Jun 13, 2007
Retail sales, import prices surgeBy David LawderCanada.com

Washington (Reuters) – Retail sales rose more than twice as much as expected in May, while import prices surged, adding to recent data suggesting the U.S. economy is recovering strongly after a slowdown in the first quarter.

Sales by U.S. retailers rose 1.4 percent in May as consumers shrugged off higher gasoline prices and increased their spending on cars, clothing and building materials, a Commerce Department report showed.

Import prices, which are monitored closely by Federal Reserve policy-makers as a potential source of inflation, rose for the fourth straight month on higher petroleum costs.

The dollar initially rallied and U.S. Treasury bond prices fell, as the data helped further cement a view that the Federal Reserve is unlikely to cut interest rates this year and may even raise them at some point to help cool inflation.

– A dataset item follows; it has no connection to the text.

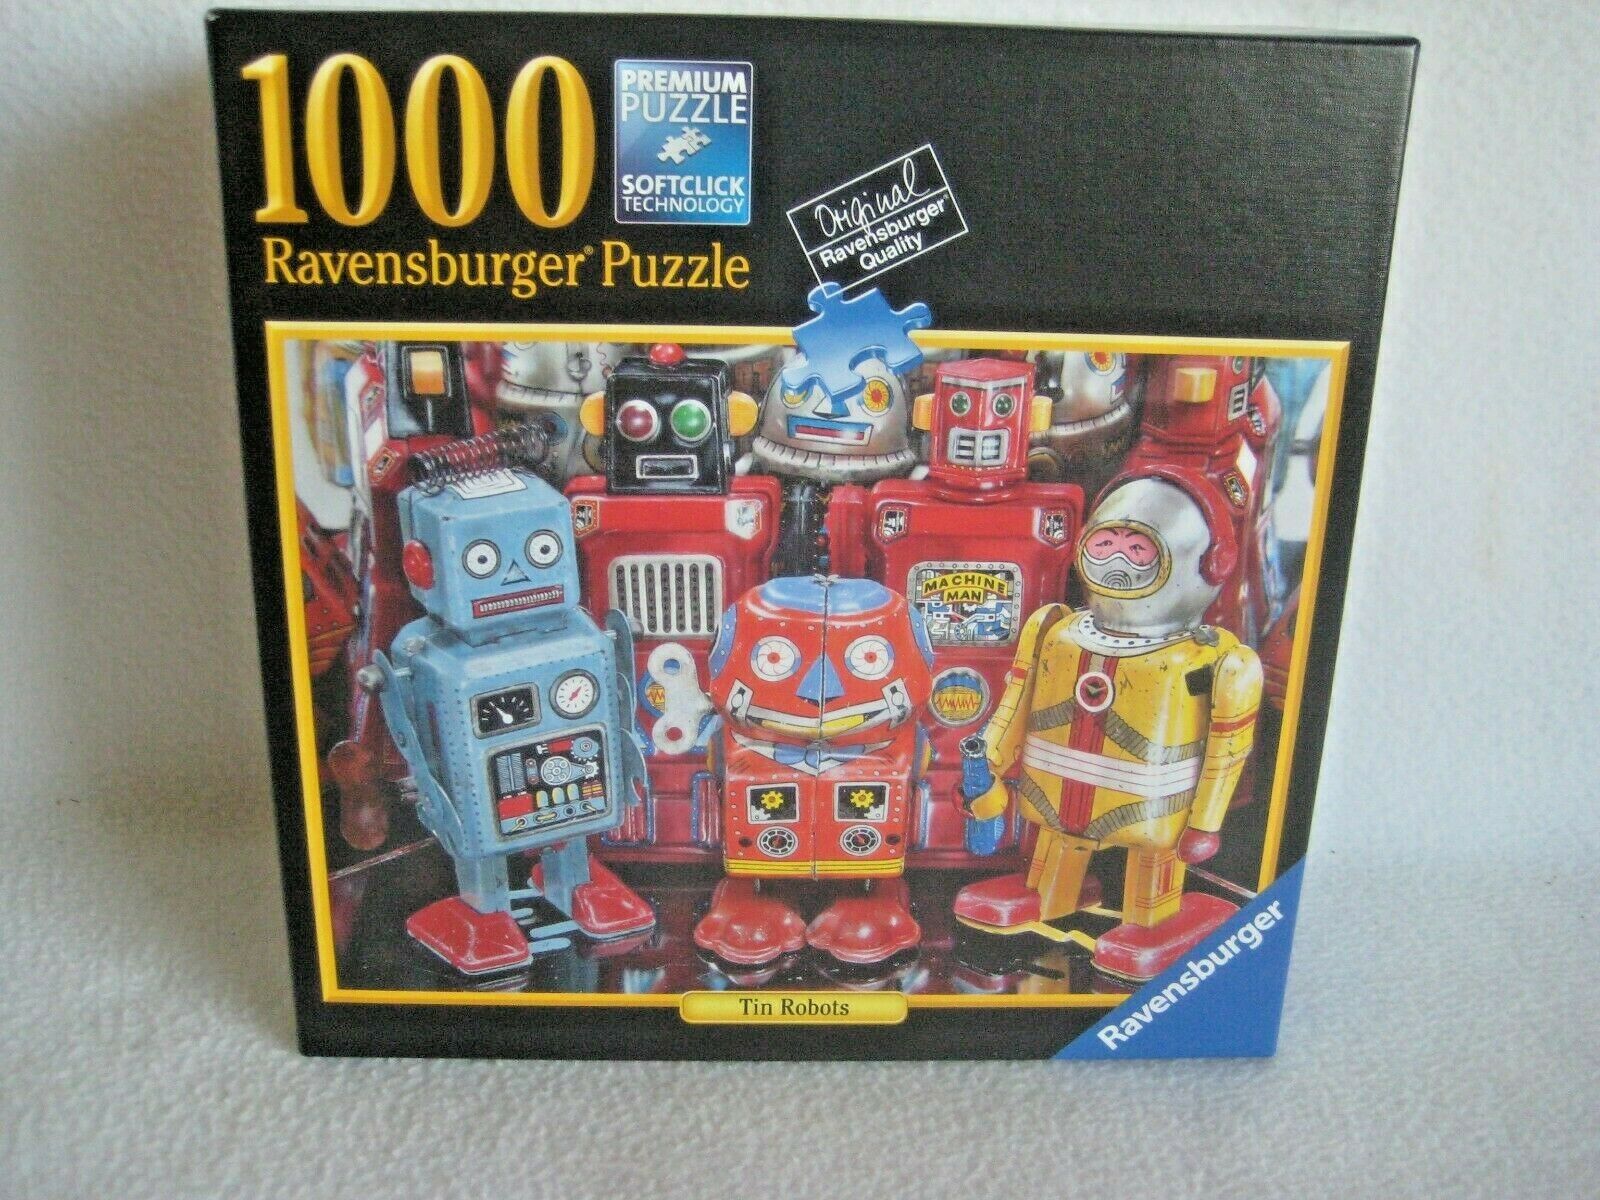 Ravensburger Tin Robots Jigsaw Puzzle 1000 Piece Complete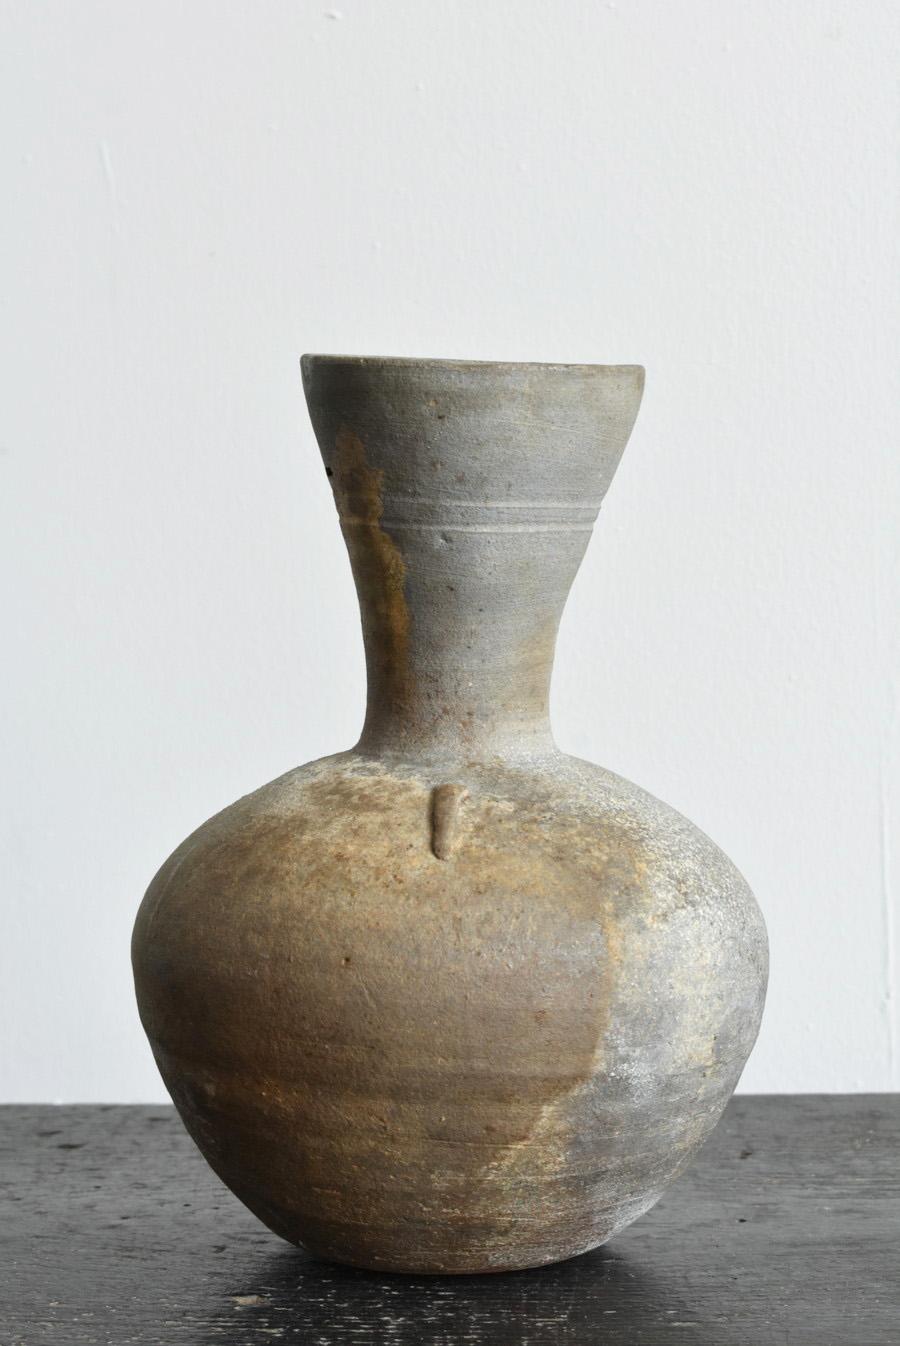 Unglazed Antique Pottery Vase with a Sense of Japanese Wabi-Sabi / Early 9th Century

“The economy is coming back stronger than anybody could imagine,” said Mark Vitner, economist at Wachovia Securities in Charlotte, North Carolina. “We were probably one of the most optimistic groups on the street, and the economy is surpassing even our expectations.”

The increase in retail sales was the biggest since January 2006 and was far stronger than the 0.6 percent increase predicted by Wall Street economists in a Reuters poll. April sales were revised to a 0.1 percent fall from a 0.2 percent decline.